А вскоре после того, как похоронили бабушку и Волика вместе на Смоленском кладбище, пришел человек в кожаном пальто, подаренном ему в Мурманске капитаном английского конвоя, и сказал, что их муж и отец велел ему (кожаному пальто) увезти семью из блокадного города.

Они ехали через Ладогу в ослепительный весенний день. Казик сумел привязать саночки к автобусу, но когда приехали, оказалось, саночек нет. И не то чтобы оторвались, отвязались, а веревка кем-то была срезана с помощью очень острого ножа. Видимо, когда попали под бомбежку и царила суматоха.

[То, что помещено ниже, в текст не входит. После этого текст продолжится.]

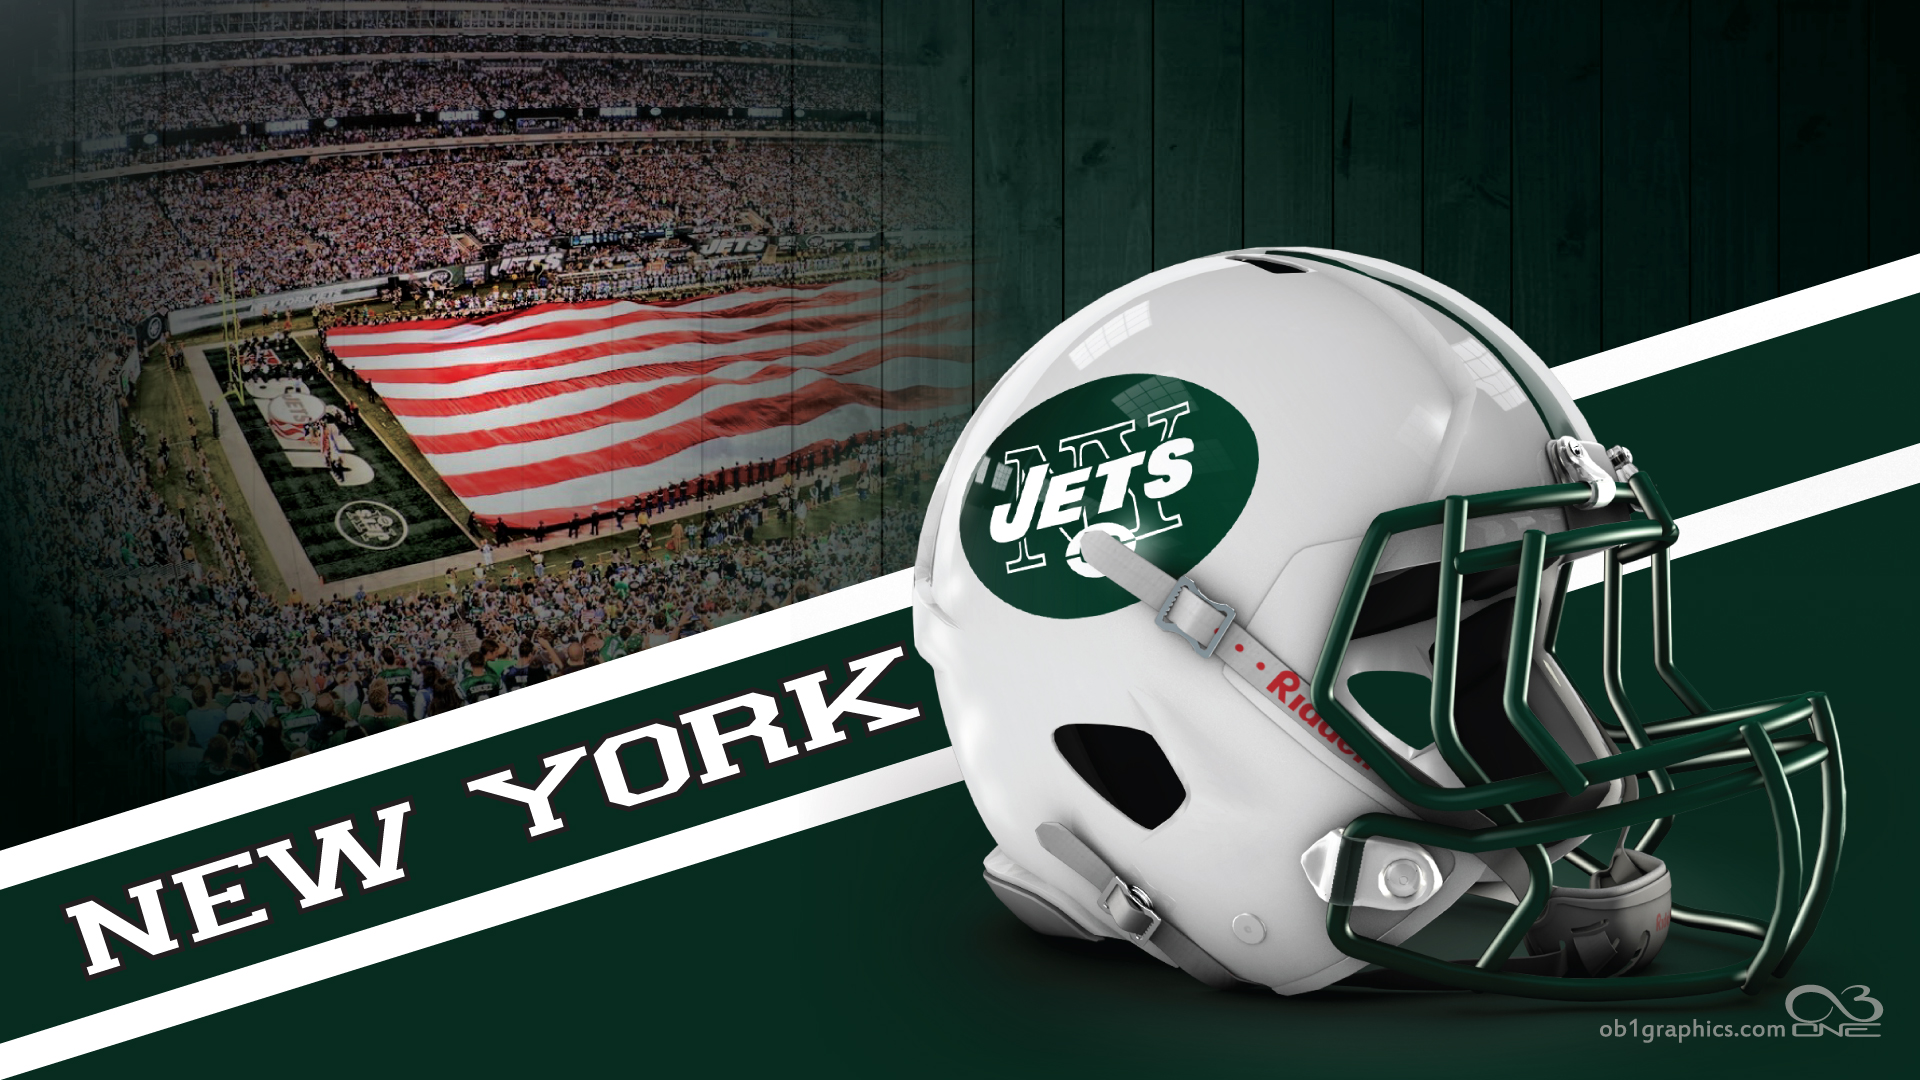 New York Jets iPhone wallpaper  Click Here for more NY Jets  Flickr

В Вологде в санпропускнике, наконец, вымылись и избавились от вшей. Феля ходить не мог, и его внесли в санпропускник на чьей-то спине. Решили двинуться к родственникам в Котлас. Когда жена коммуниста, до войны очень красивая и нарядная дама, постучалась в одну из дверей в коридоре Котласского барака, сестра не узнала ее и, сказав: «Сейчас», – ушла в глубь комнаты и вынесла ей кусок хлеба, как нищенке.

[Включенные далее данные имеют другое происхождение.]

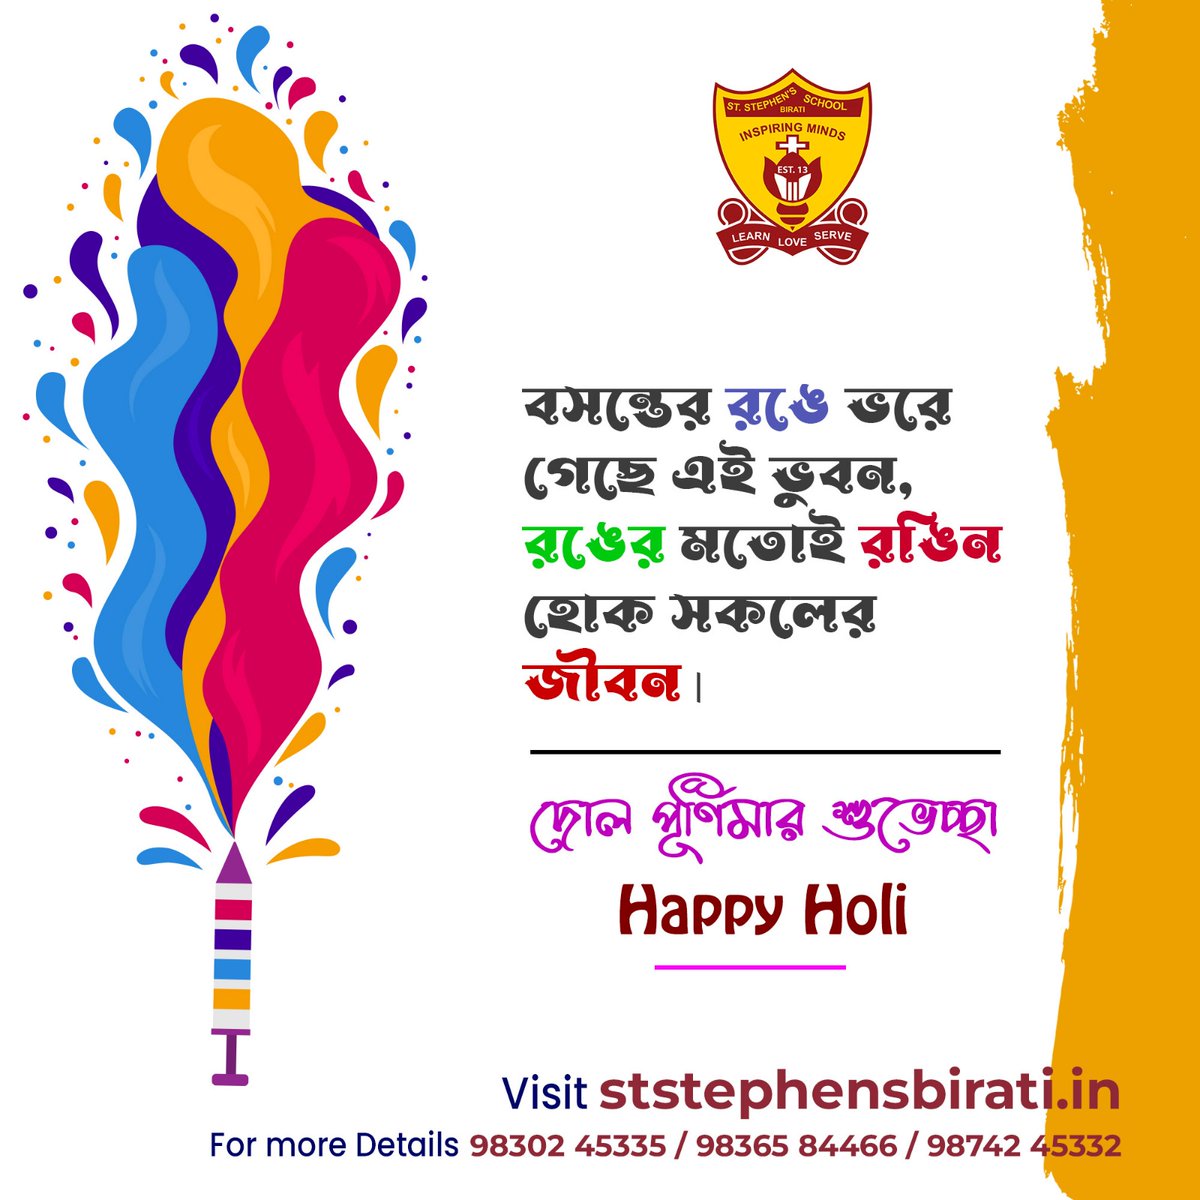 Let Your Holi be Filled with Happiness and Prosperity. 𝐇𝐚𝐩𝐩𝐲 𝐇𝐨𝐥𝐢! #StStephensSchool #StStephensSchoolBirati #Holi #Holi2024 #DolPurnima #DolPurnima2024 #DolYatra #DolYatra2024 #FestivalofColours

Казик и Феля ждали мать на крылечке барака. Потом, конечно, сестра узнала сестру и, конечно, пустила жить в свою комнату, где она жила с двумя дочерями. Кожаное пальто еще сообщило, что скоро будет вызов от мужа-коммуниста и тогда они все поедут в Заполярный поселок на стройку ГЭС, и хотя там холодно и тундра и темного времени гораздо больше чем в Ленинграде и белого же больше, – жить они будут там хорошо, потому что у мужа и отца-коммуниста теплая двухкомнатная квартира, много яичного порошка и тушенки (американских). Вызова почему-то долго не было, и тогда жена коммуниста взяла детей и поехала в Ленинград, с которого уже была снята блокада. Феля начал ходить, но ходил очень плохо, и от вокзала мать несла его на Васильевский на закорках, а Казик тащил вещи. В Ленинграде мать пошла в Управление и спросила, жив ли её муж-коммунист, потому что нет от него никаких известий.

Ей в Управлении ответили, что он не только жив и здоров, но и очень хорошо строит на вечной мерзлоте ГЭС и что, если она хочет, то может через Управление послать ему весточку. Она послала, и вскоре муж и отец-коммунист появился на Васильевском (острове) в кожаном пальто тоже от английского конвоя.

После слез, объятий и поцелуев отец и муж сказал, что у него есть серьезный разговор к жене, и они ушли на кухню, где шипел примус, а Казик и Феля остались в комнате и ели американскую сгущенку.

Честный коммунист сказал:

– У меня к тебе есть важное сообщение, постарайся принять его разумно. Дело в том, что я полюбил другую женщину и хочу жить с ней, а чтобы тебе было легче, я возьму Казика.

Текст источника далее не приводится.